• Action item: Write out only the lines from the start of the entries up to and including the line with "Přírodní čistití prostředek"; please skip the pictures.

Records from a collection:
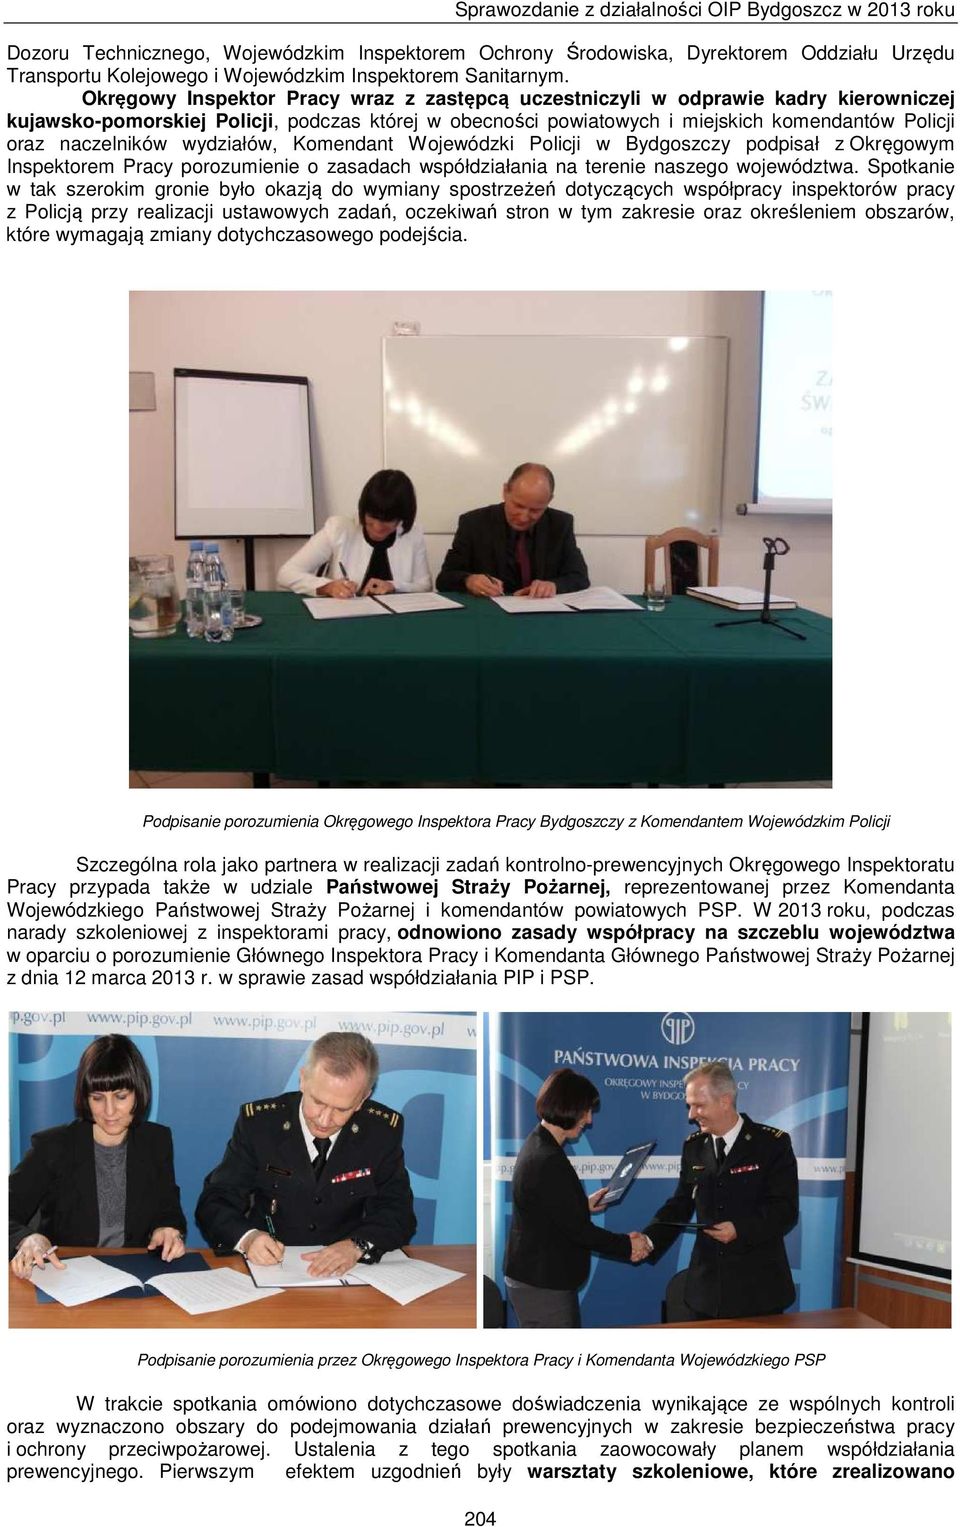 naczelników wydziałów, Komendant Wojewódzki Policji w Bydgoszczy podpisał z Okręgowym Inspektorem Pracy porozumienie o zasadach współdziałania na terenie naszego województwa.
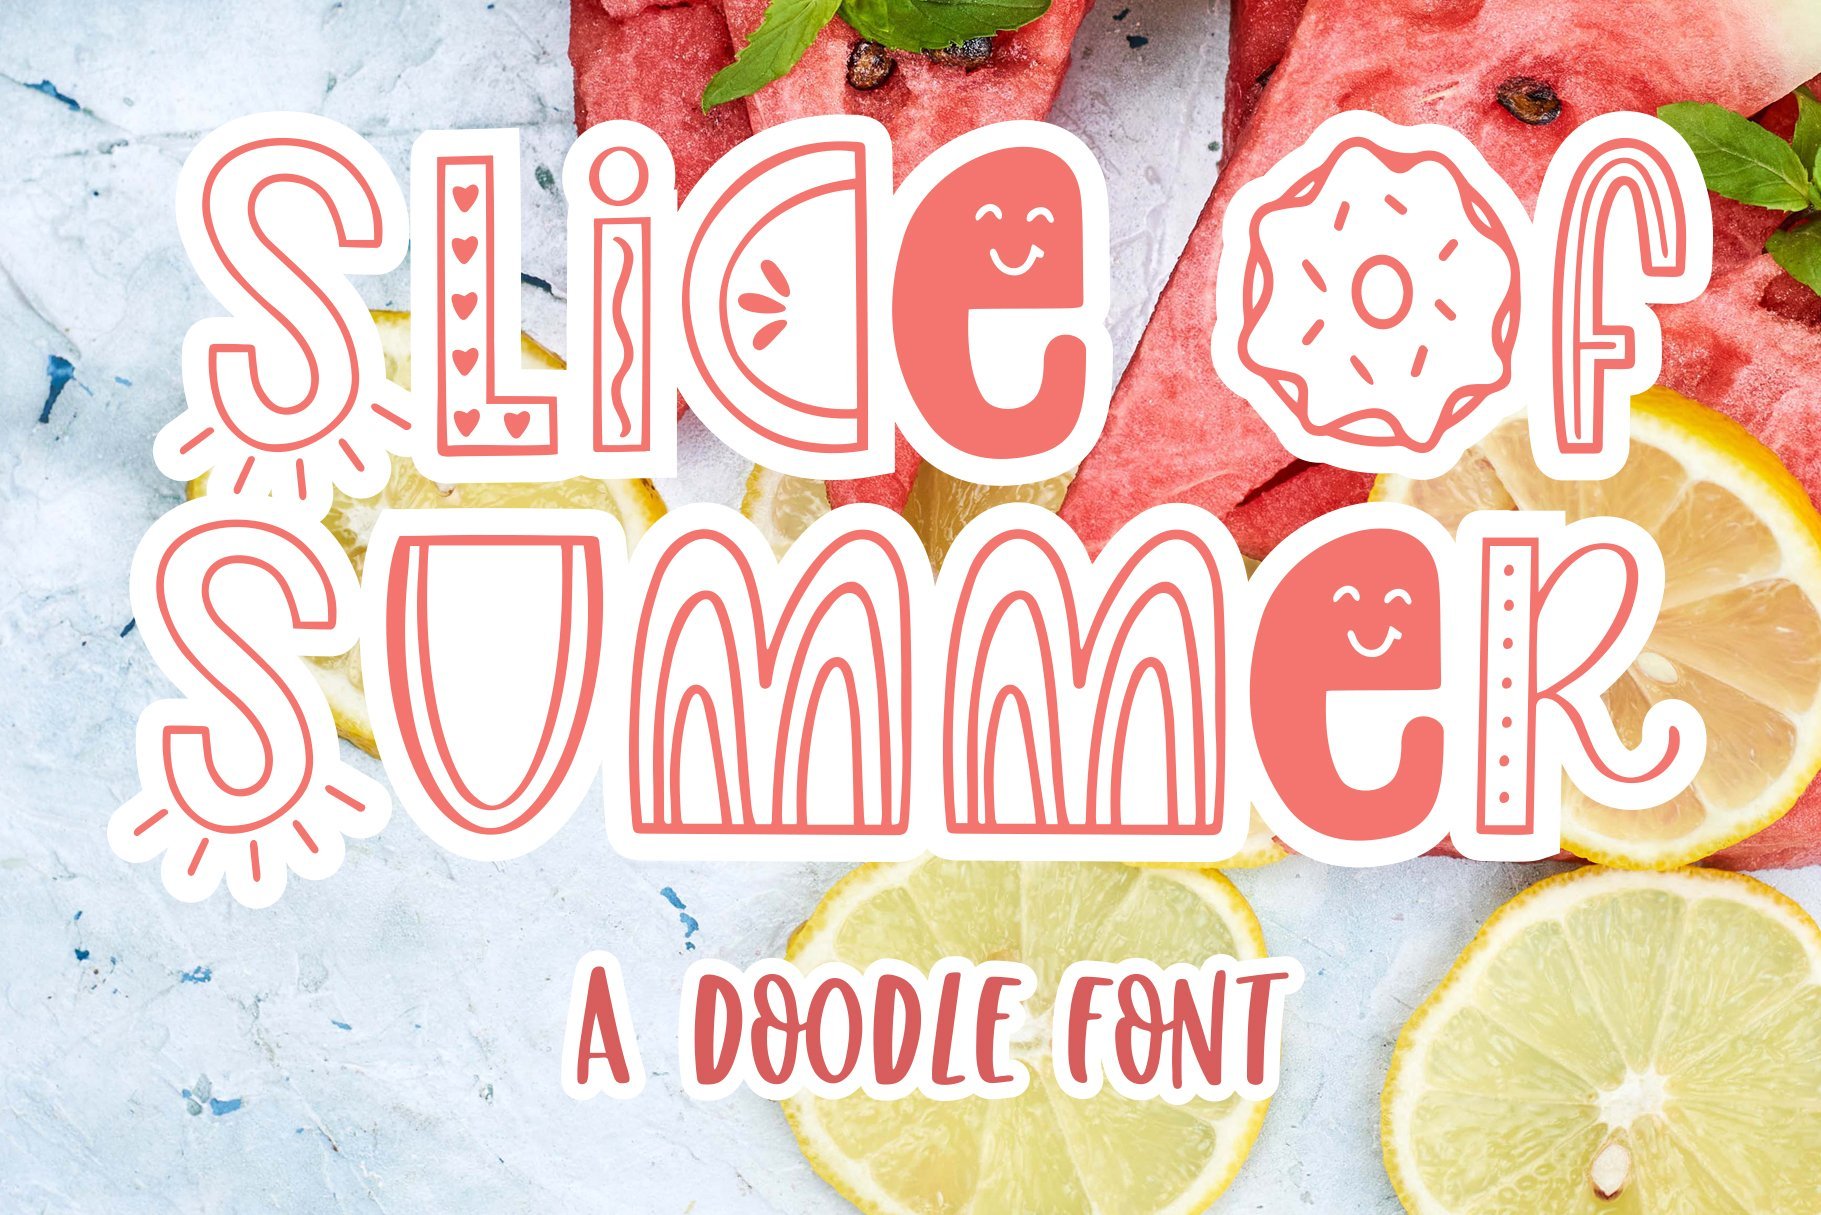 Slice of Summer, Doodle Font cover image.
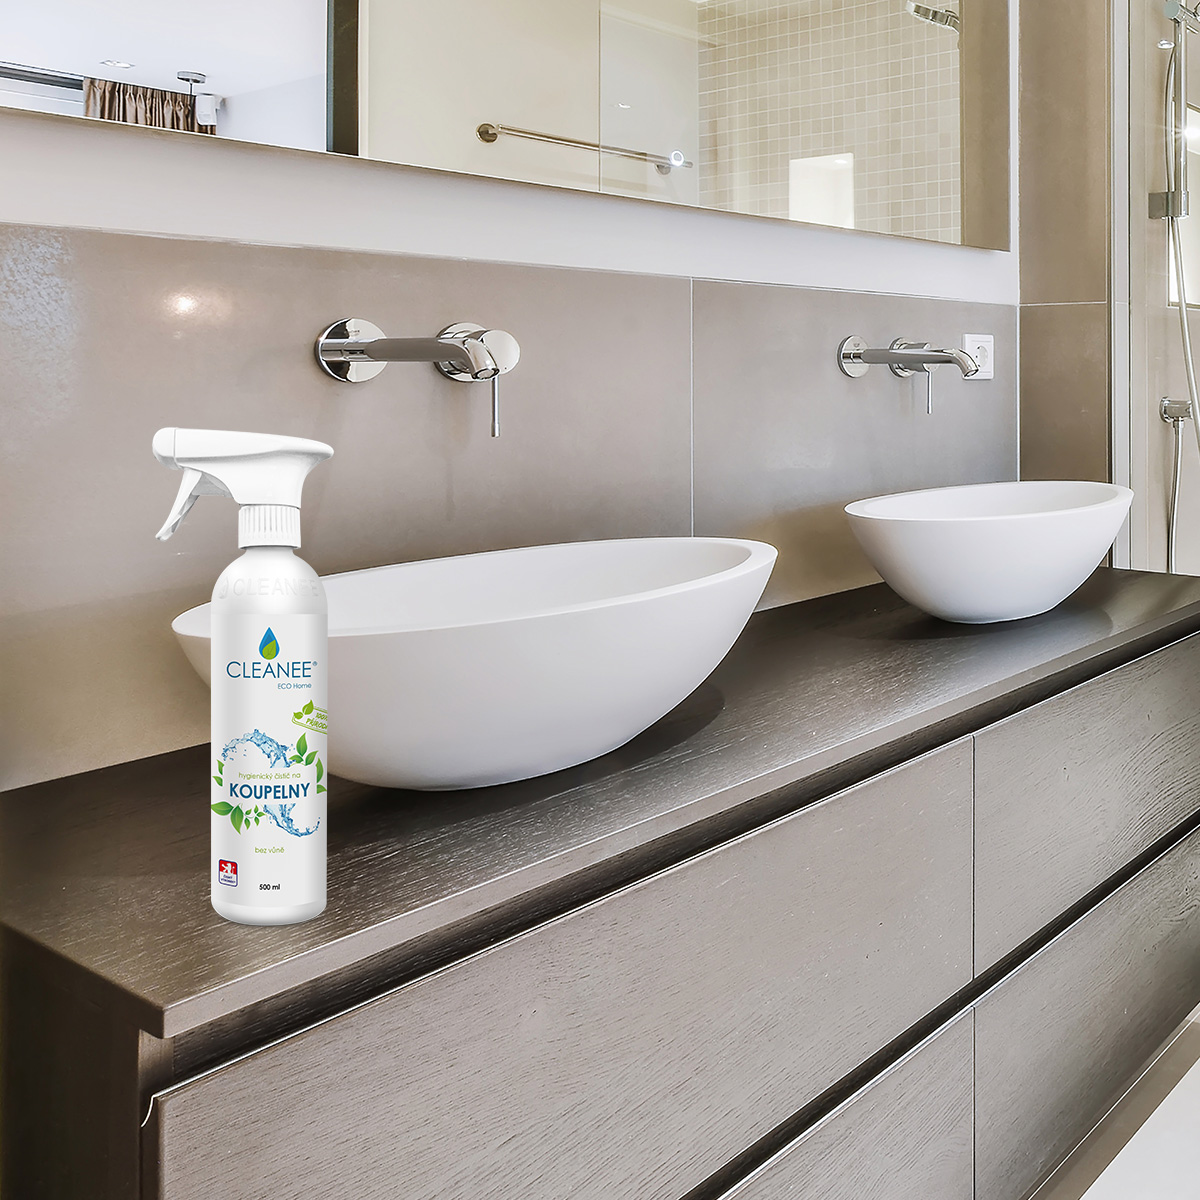 Přírodní čistití prostředek na koupelny s dlouhodobým hygienickým účinkem.
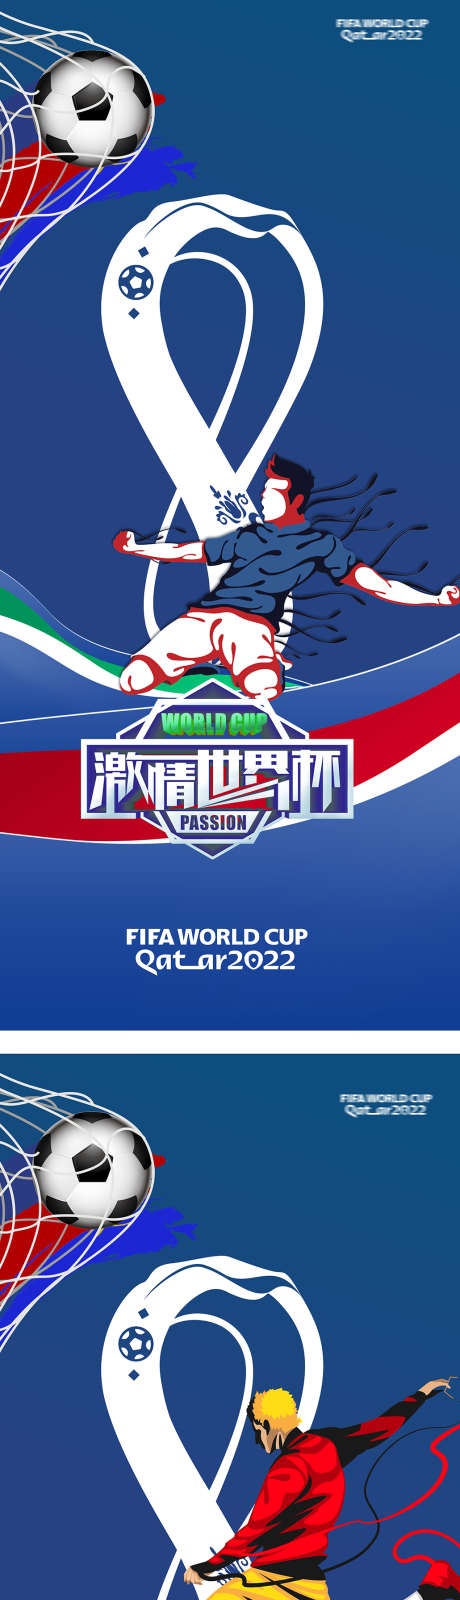 2022卡塔尔世界杯足球赛竞技海报_源文件下载_1030X4693像素-欧冠,竞技,足球赛,世界杯,卡塔尔,2022,海报-作品编号:2023052915144904-志设-zs9.com
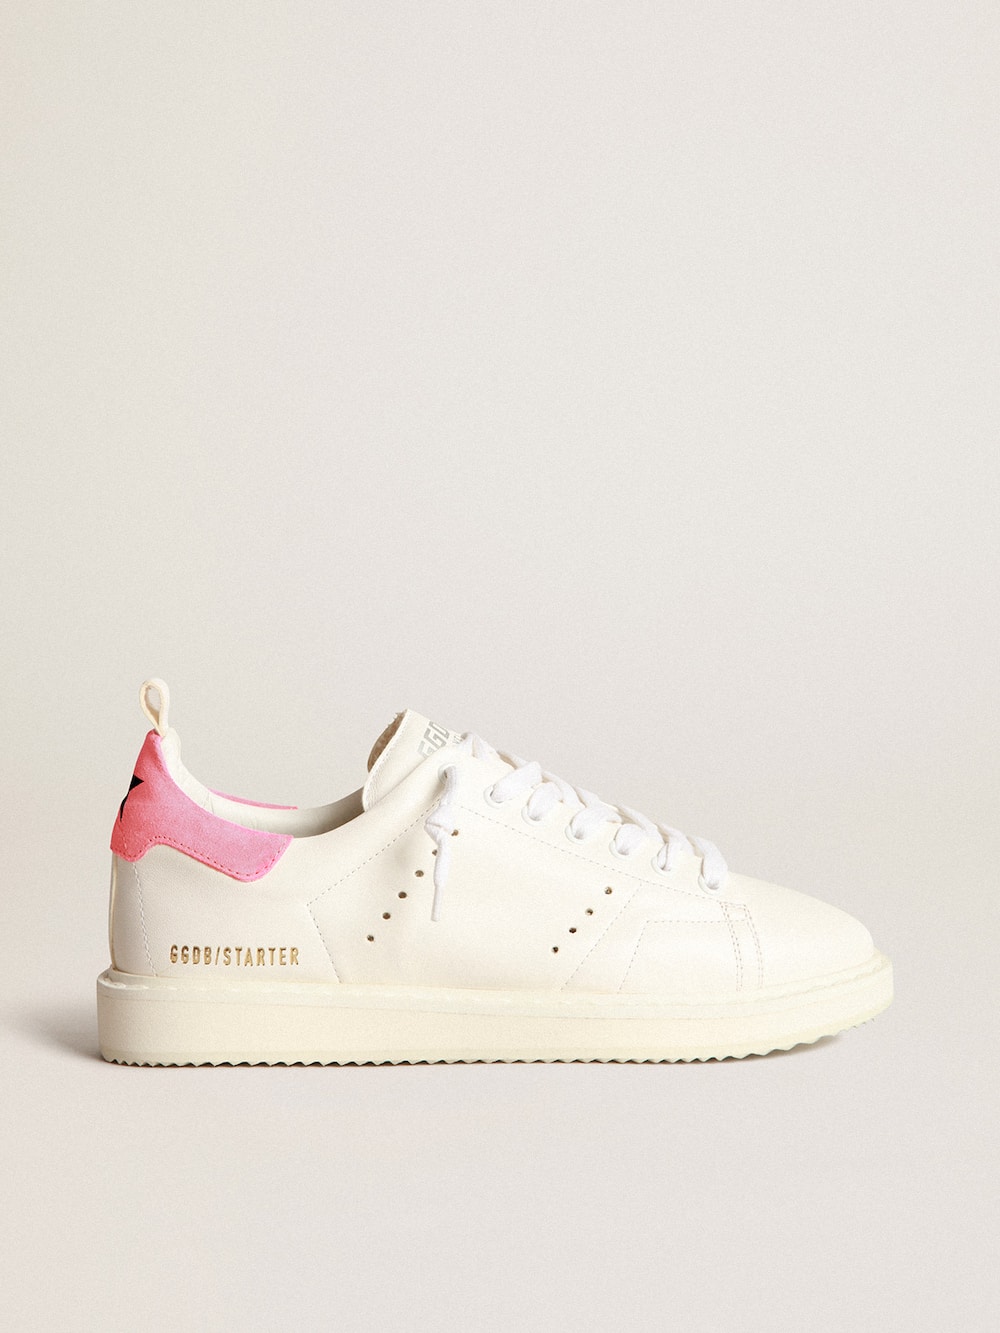 Golden Goose - Sneakers Starter aus weißem Nappaleder mit rosa Rauleder an der Fersenpartie in

• Exercise result:
 naczelników wydziałów, Komendant Wojewódzki Policji w Bydgoszczy podpisał z Okręgowym Inspektorem Pracy porozumienie o zasadach współdziałania na terenie naszego województwa.
 Slice of Summer, Doodle Font cover image.
 Přírodní čistití prostředek na koupelny s dlouhodobým hygienickým účinkem.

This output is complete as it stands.